Это оценка романтизма
очарованного пруссачеством немецкого историка
конца XIX века. А вот оценка немецкого политолога
конца века XX:
"Романтизм породил
политически неангажированного бюргера,
идиллический образец аполитичного немца,
который в то же время, не будучи чистым
идеалистом, охотно сходится с себе подобными
(общинное сознание). Вильгельмовская эпоха
произвела, наконец, на свет то недоброе сочетание
жажды национального престижа с жесткой реальной
политикой, которое в XX веке сделало Германию
столь трудным партнером в европейском концерте,
поставив под угрозу с трудом
стабилизировавшееся в XIX веке равновесие. В годы
грюндерства выросло страстное желание немцев
быть чем-то важным в мире, получить свое место под
солнцем. В вильгельминизме смешались чувство
гордости крепнущей экономической мощью со
стремлением обрести мировое значение как
политическая сила.
Идеологические
предпосылки такого представления об особой роли
Германии как сильной державы в сердце Европы,
предназначенной исполнить историческую миссию в
этой части мира, были заложены романтизмом. В ту
пору представители германского духа противились
принятию западного мышления и западных
учреждений. В ту эпоху сформировался германский
консерватизм, который не только заботился о
защите традиционной структуры собственности, но
и действовал при помощи таких впечатляющих
опасных новых формул, как: идея органичности в
противовес якобы механически
сконструированному строю западного либерализма;
идея цельности и общности в противовес
индивидуальности и личной свободе; наконец,
мессианское представление, будто немецкая нация
призвана оздоровить весь мир, ибо в немцах-де, в
силу их уникального исторического прошлого,
особенно глубоко укоренены высокие ценности
человеческого бытия" (К. Зонтхаймер).
Оговорюсь – речь идет о
духе нации, а не о душах людей. Люди, как всегда,
любили и очаровывались, но только как люди, как
личности, а не как частицы могучего и прекрасного
Общего. Это могучее Общее впало в тяжелую
депрессию.
До 1830 года, казалось бы,
ничего страшного не произошло. Ну, в Австрии
правили хитрые бездарности, а в Вюртемберге –
порочные и жестокие короли. Зато в Баварии правил
чудак и поэт, а в Пруссии жизнь организовывалась
и устраивалась. Вокруг Пруссии формировался
общегерманский Таможенный союз.
Страх перед революцией
стал навязчивым состоянием умов всех германских
правительств. Жертвами этого страха становились
студенты и профессора, которых можно было всего
лишь заподозрить в "разжигании революции".
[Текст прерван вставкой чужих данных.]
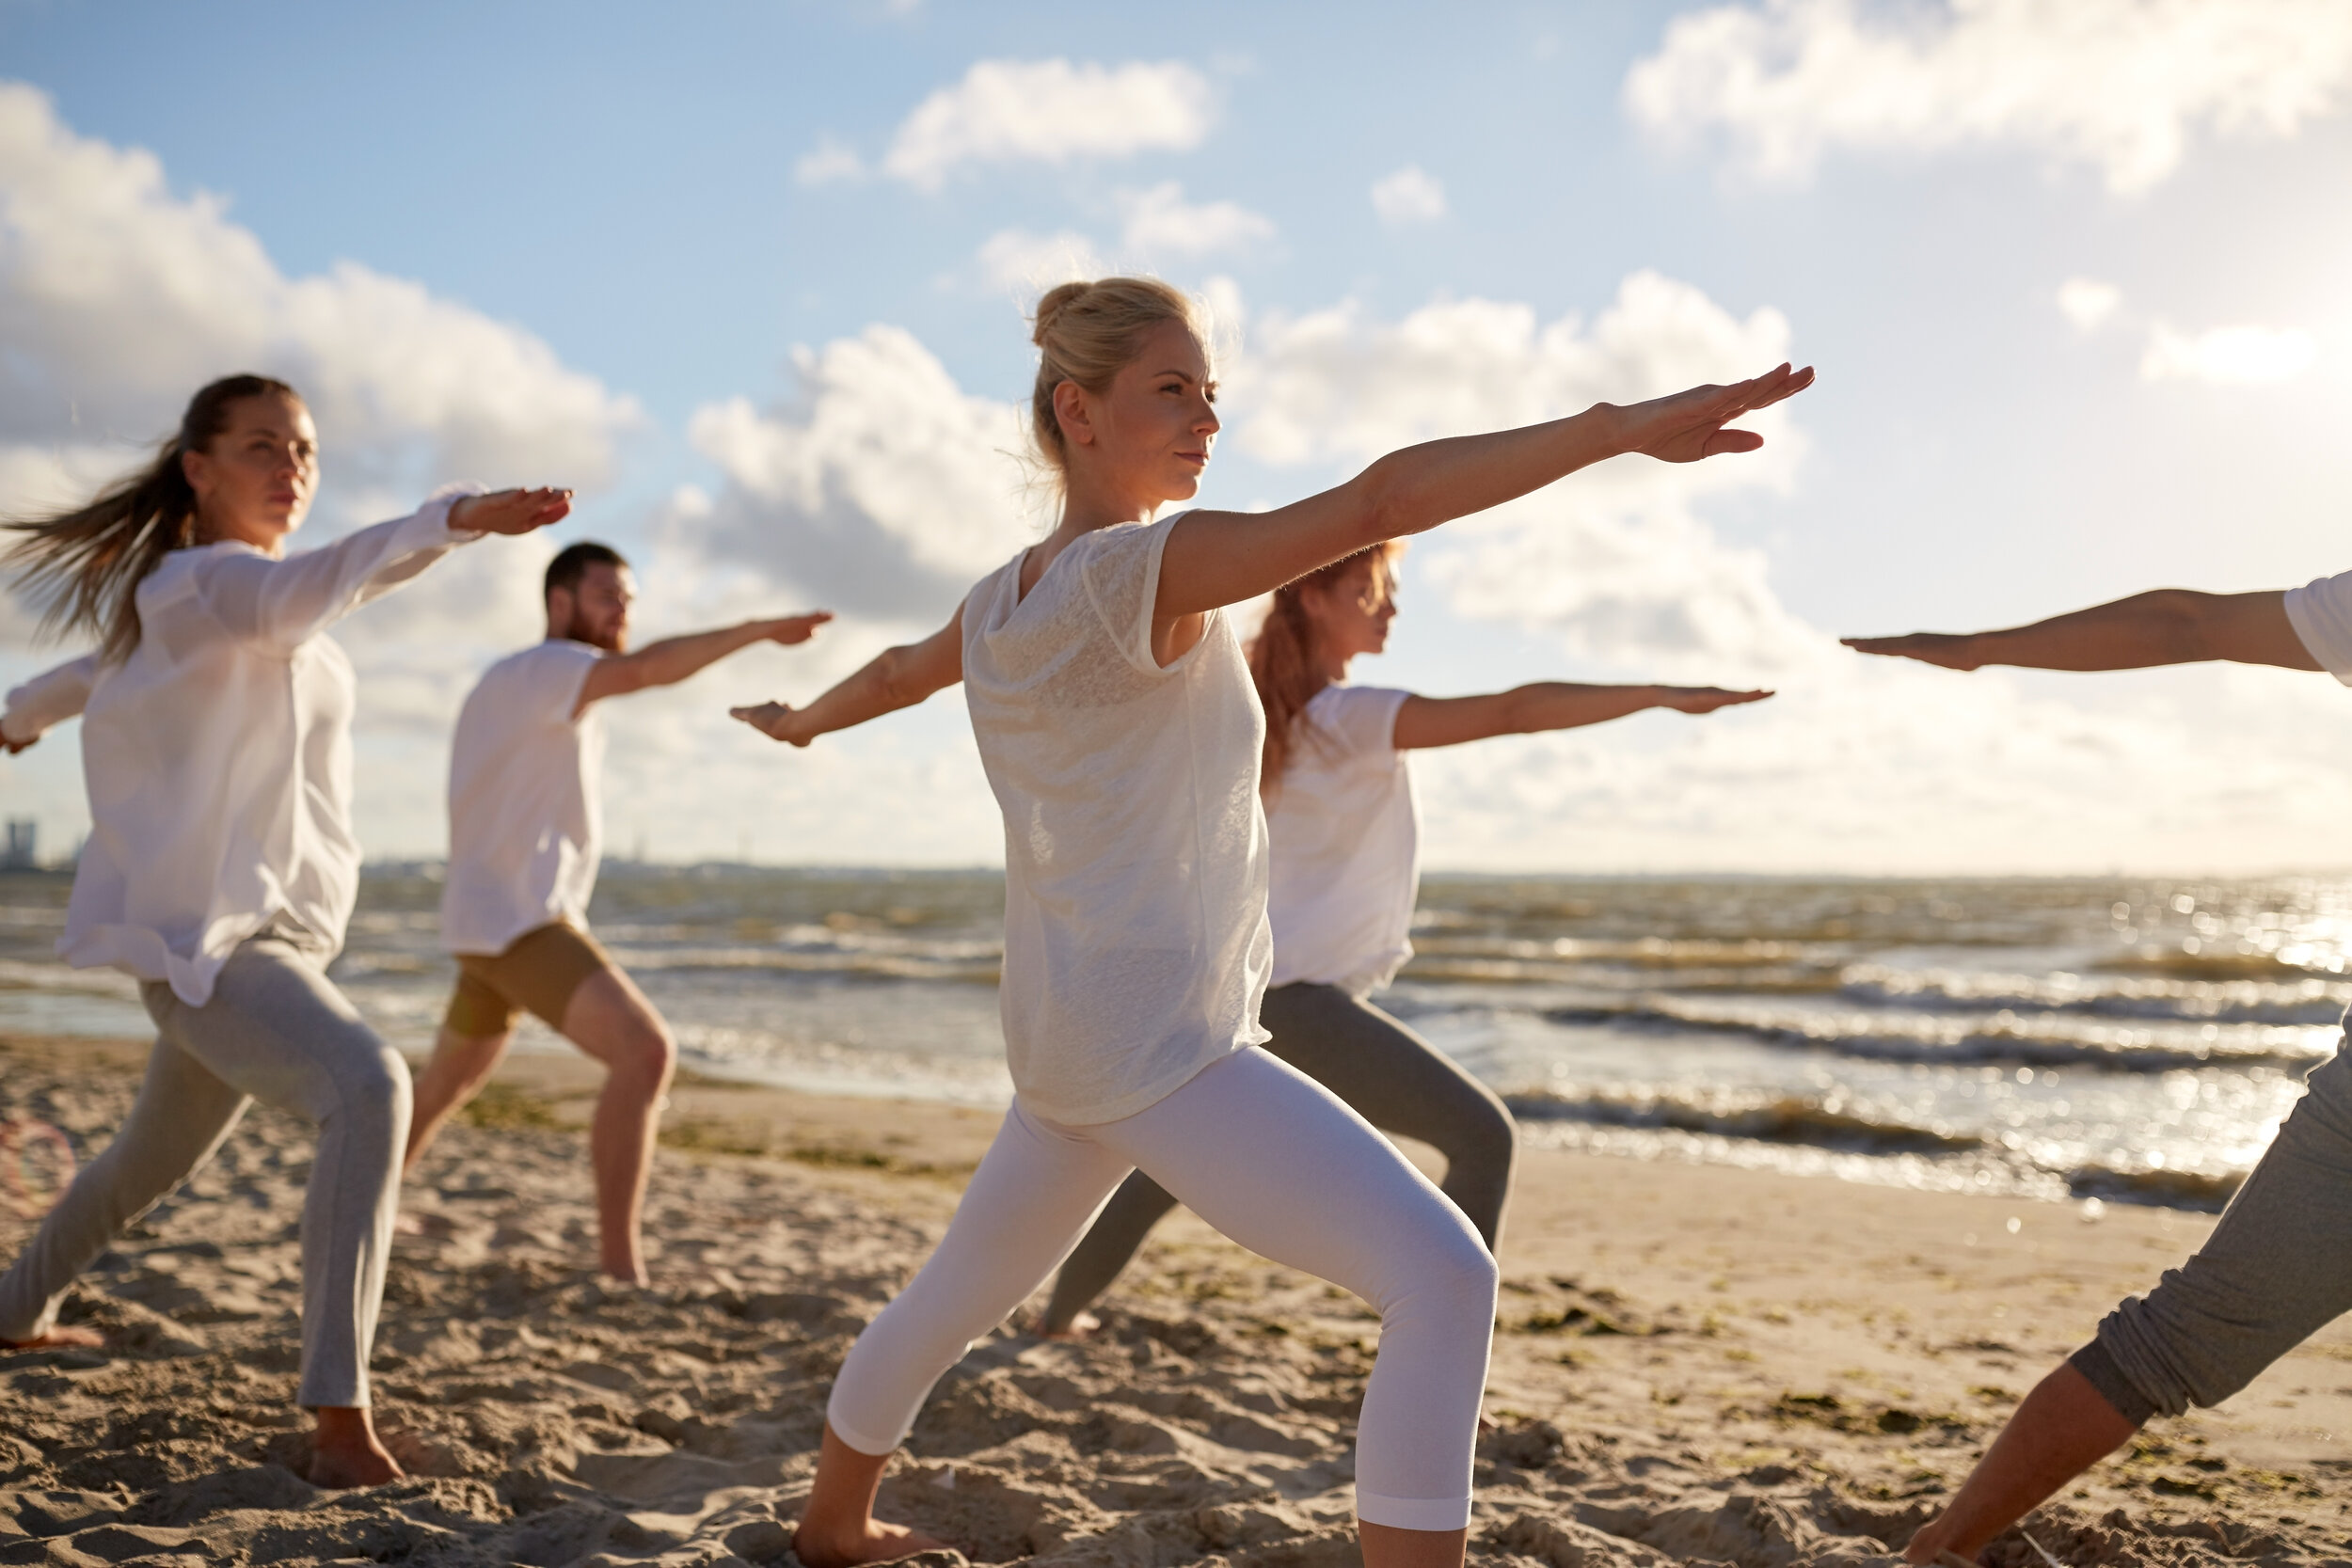 mind, body and soul seekers - renew, nourish, reflect

Но в Германии и Пруссии, в отличие от Италии,
Испании и Франции в это время была более-менее
спокойно.
За "более-менее"
скрывались тлеющие угли религиозного раздора,
прусско-германских противоречий и
несовместимостей, выражающихся в создании
"сепаратных" таможенных союзов, в баварском
"культурном вызове", в борьбе
конституционалистов и конституций разных типов.